> [Exercise directions]: Your answer must be the records below, printed exactly.

> [Available records]:
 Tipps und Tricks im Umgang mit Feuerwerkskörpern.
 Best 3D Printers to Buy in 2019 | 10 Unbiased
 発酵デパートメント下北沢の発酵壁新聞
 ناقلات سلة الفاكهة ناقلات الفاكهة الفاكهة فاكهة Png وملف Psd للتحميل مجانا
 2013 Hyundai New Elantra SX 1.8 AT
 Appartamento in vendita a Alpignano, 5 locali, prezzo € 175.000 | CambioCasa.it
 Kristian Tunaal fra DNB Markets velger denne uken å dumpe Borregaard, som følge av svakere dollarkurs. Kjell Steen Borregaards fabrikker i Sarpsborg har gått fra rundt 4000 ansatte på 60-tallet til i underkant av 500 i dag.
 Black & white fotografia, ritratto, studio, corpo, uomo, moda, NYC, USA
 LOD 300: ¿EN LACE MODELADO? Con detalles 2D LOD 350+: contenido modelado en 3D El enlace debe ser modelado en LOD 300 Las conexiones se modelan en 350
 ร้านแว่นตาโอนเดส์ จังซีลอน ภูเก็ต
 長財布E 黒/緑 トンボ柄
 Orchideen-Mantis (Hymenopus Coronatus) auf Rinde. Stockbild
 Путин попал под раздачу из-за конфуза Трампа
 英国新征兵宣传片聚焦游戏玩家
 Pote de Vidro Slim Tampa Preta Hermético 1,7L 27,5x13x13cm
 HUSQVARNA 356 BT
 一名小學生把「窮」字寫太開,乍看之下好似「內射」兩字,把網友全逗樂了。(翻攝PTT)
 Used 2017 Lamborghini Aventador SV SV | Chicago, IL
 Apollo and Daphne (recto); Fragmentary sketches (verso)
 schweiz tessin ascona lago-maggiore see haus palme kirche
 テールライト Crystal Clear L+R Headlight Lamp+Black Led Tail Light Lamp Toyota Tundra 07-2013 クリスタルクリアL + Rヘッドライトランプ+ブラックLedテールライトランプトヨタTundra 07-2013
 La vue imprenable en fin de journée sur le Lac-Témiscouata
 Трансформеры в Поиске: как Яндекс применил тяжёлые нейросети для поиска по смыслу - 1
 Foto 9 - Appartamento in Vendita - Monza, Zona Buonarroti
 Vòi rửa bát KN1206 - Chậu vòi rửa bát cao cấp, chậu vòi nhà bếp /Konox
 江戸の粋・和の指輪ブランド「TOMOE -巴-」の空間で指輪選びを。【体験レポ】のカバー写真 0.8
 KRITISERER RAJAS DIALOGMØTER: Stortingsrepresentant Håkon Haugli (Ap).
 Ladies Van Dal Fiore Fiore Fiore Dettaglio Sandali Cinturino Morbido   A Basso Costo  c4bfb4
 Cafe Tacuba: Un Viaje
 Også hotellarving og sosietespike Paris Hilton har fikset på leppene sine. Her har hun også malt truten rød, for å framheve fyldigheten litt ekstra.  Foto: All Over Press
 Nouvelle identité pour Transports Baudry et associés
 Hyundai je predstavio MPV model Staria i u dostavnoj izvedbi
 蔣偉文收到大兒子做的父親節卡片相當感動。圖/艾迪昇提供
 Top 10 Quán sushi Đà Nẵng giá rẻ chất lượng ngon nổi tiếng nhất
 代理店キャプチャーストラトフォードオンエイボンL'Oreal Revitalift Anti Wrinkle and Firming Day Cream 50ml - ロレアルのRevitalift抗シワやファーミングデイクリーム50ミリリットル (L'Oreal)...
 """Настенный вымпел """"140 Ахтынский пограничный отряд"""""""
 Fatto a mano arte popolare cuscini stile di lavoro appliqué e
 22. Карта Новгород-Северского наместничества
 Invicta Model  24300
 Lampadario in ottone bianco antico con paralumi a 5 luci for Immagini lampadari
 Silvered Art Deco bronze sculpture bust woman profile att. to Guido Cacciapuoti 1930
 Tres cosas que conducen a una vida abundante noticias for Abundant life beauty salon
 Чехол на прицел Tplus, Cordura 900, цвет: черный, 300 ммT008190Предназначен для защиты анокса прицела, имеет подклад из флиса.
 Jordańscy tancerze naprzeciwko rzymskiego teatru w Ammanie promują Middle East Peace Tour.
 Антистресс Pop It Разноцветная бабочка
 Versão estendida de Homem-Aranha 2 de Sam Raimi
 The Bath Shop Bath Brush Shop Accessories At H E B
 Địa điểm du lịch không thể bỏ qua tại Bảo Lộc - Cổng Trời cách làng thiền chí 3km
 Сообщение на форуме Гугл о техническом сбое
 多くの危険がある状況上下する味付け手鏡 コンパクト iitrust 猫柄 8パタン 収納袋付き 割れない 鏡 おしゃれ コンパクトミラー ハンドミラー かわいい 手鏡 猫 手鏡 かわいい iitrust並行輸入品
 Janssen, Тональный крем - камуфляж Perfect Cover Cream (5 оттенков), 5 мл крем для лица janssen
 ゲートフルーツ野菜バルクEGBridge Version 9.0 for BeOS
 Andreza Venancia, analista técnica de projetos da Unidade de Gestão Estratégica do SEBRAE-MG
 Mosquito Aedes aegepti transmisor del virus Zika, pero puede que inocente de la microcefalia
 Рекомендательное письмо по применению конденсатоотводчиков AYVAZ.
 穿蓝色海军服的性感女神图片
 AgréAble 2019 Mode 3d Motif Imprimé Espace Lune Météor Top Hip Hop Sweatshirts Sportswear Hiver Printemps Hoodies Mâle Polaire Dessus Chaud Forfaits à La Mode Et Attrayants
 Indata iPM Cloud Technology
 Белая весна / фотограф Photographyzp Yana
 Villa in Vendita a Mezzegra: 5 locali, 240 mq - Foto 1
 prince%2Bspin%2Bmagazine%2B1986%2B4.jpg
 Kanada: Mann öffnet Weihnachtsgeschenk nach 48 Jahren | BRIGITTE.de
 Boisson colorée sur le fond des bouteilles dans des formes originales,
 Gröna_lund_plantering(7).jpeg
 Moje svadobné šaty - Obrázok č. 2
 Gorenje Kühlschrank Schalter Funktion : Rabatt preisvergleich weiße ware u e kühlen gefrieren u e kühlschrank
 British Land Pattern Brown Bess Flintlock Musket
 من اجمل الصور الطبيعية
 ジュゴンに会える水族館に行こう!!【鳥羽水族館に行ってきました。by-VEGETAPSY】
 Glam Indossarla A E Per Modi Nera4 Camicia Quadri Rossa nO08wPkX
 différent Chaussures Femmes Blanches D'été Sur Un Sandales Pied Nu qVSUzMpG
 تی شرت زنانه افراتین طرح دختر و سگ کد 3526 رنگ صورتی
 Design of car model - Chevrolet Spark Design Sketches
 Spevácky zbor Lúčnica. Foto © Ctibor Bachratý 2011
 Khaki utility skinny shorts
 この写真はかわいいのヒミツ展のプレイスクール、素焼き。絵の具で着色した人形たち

> [Result]:
 Tipps und Tricks im Umgang mit Feuerwerkskörpern.
 Best 3D Printers to Buy in 2019 | 10 Unbiased
 発酵デパートメント下北沢の発酵壁新聞
 ناقلات سلة الفاكهة ناقلات الفاكهة الفاكهة فاكهة Png وملف Psd للتحميل مجانا
 2013 Hyundai New Elantra SX 1.8 AT
 Appartamento in vendita a Alpignano, 5 locali, prezzo € 175.000 | CambioCasa.it
 Kristian Tunaal fra DNB Markets velger denne uken å dumpe Borregaard, som følge av svakere dollarkurs. Kjell Steen Borregaards fabrikker i Sarpsborg har gått fra rundt 4000 ansatte på 60-tallet til i underkant av 500 i dag.
 Black & white fotografia, ritratto, studio, corpo, uomo, moda, NYC, USA
 LOD 300: ¿EN LACE MODELADO? Con detalles 2D LOD 350+: contenido modelado en 3D El enlace debe ser modelado en LOD 300 Las conexiones se modelan en 350
 ร้านแว่นตาโอนเดส์ จังซีลอน ภูเก็ต
 長財布E 黒/緑 トンボ柄
 Orchideen-Mantis (Hymenopus Coronatus) auf Rinde. Stockbild
 Путин попал под раздачу из-за конфуза Трампа
 英国新征兵宣传片聚焦游戏玩家
 Pote de Vidro Slim Tampa Preta Hermético 1,7L 27,5x13x13cm
 HUSQVARNA 356 BT
 一名小學生把「窮」字寫太開,乍看之下好似「內射」兩字,把網友全逗樂了。(翻攝PTT)
 Used 2017 Lamborghini Aventador SV SV | Chicago, IL
 Apollo and Daphne (recto); Fragmentary sketches (verso)
 schweiz tessin ascona lago-maggiore see haus palme kirche
 テールライト Crystal Clear L+R Headlight Lamp+Black Led Tail Light Lamp Toyota Tundra 07-2013 クリスタルクリアL + Rヘッドライトランプ+ブラックLedテールライトランプトヨタTundra 07-2013
 La vue imprenable en fin de journée sur le Lac-Témiscouata
 Трансформеры в Поиске: как Яндекс применил тяжёлые нейросети для поиска по смыслу - 1
 Foto 9 - Appartamento in Vendita - Monza, Zona Buonarroti
 Vòi rửa bát KN1206 - Chậu vòi rửa bát cao cấp, chậu vòi nhà bếp /Konox
 江戸の粋・和の指輪ブランド「TOMOE -巴-」の空間で指輪選びを。【体験レポ】のカバー写真 0.8
 KRITISERER RAJAS DIALOGMØTER: Stortingsrepresentant Håkon Haugli (Ap).
 Ladies Van Dal Fiore Fiore Fiore Dettaglio Sandali Cinturino Morbido   A Basso Costo  c4bfb4
 Cafe Tacuba: Un Viaje
 Også hotellarving og sosietespike Paris Hilton har fikset på leppene sine. Her har hun også malt truten rød, for å framheve fyldigheten litt ekstra.  Foto: All Over Press
 Nouvelle identité pour Transports Baudry et associés
 Hyundai je predstavio MPV model Staria i u dostavnoj izvedbi
 蔣偉文收到大兒子做的父親節卡片相當感動。圖/艾迪昇提供
 Top 10 Quán sushi Đà Nẵng giá rẻ chất lượng ngon nổi tiếng nhất
 代理店キャプチャーストラトフォードオンエイボンL'Oreal Revitalift Anti Wrinkle and Firming Day Cream 50ml - ロレアルのRevitalift抗シワやファーミングデイクリーム50ミリリットル (L'Oreal)...
 """Настенный вымпел """"140 Ахтынский пограничный отряд"""""""
 Fatto a mano arte popolare cuscini stile di lavoro appliqué e
 22. Карта Новгород-Северского наместничества
 Invicta Model  24300
 Lampadario in ottone bianco antico con paralumi a 5 luci for Immagini lampadari
 Silvered Art Deco bronze sculpture bust woman profile att. to Guido Cacciapuoti 1930
 Tres cosas que conducen a una vida abundante noticias for Abundant life beauty salon
 Чехол на прицел Tplus, Cordura 900, цвет: черный, 300 ммT008190Предназначен для защиты анокса прицела, имеет подклад из флиса.
 Jordańscy tancerze naprzeciwko rzymskiego teatru w Ammanie promują Middle East Peace Tour.
 Антистресс Pop It Разноцветная бабочка
 Versão estendida de Homem-Aranha 2 de Sam Raimi
 The Bath Shop Bath Brush Shop Accessories At H E B
 Địa điểm du lịch không thể bỏ qua tại Bảo Lộc - Cổng Trời cách làng thiền chí 3km
 Сообщение на форуме Гугл о техническом сбое
 多くの危険がある状況上下する味付け手鏡 コンパクト iitrust 猫柄 8パタン 収納袋付き 割れない 鏡 おしゃれ コンパクトミラー ハンドミラー かわいい 手鏡 猫 手鏡 かわいい iitrust並行輸入品
 Janssen, Тональный крем - камуфляж Perfect Cover Cream (5 оттенков), 5 мл крем для лица janssen
 ゲートフルーツ野菜バルクEGBridge Version 9.0 for BeOS
 Andreza Venancia, analista técnica de projetos da Unidade de Gestão Estratégica do SEBRAE-MG
 Mosquito Aedes aegepti transmisor del virus Zika, pero puede que inocente de la microcefalia
 Рекомендательное письмо по применению конденсатоотводчиков AYVAZ.
 穿蓝色海军服的性感女神图片
 AgréAble 2019 Mode 3d Motif Imprimé Espace Lune Météor Top Hip Hop Sweatshirts Sportswear Hiver Printemps Hoodies Mâle Polaire Dessus Chaud Forfaits à La Mode Et Attrayants
 Indata iPM Cloud Technology
 Белая весна / фотограф Photographyzp Yana
 Villa in Vendita a Mezzegra: 5 locali, 240 mq - Foto 1
 prince%2Bspin%2Bmagazine%2B1986%2B4.jpg
 Kanada: Mann öffnet Weihnachtsgeschenk nach 48 Jahren | BRIGITTE.de
 Boisson colorée sur le fond des bouteilles dans des formes originales,
 Gröna_lund_plantering(7).jpeg
 Moje svadobné šaty - Obrázok č. 2
 Gorenje Kühlschrank Schalter Funktion : Rabatt preisvergleich weiße ware u e kühlen gefrieren u e kühlschrank
 British Land Pattern Brown Bess Flintlock Musket
 من اجمل الصور الطبيعية
 ジュゴンに会える水族館に行こう!!【鳥羽水族館に行ってきました。by-VEGETAPSY】
 Glam Indossarla A E Per Modi Nera4 Camicia Quadri Rossa nO08wPkX
 différent Chaussures Femmes Blanches D'été Sur Un Sandales Pied Nu qVSUzMpG
 تی شرت زنانه افراتین طرح دختر و سگ کد 3526 رنگ صورتی
 Design of car model - Chevrolet Spark Design Sketches
 Spevácky zbor Lúčnica. Foto © Ctibor Bachratý 2011
 Khaki utility skinny shorts
 この写真はかわいいのヒミツ展のプレイスクール、素焼き。絵の具で着色した人形たち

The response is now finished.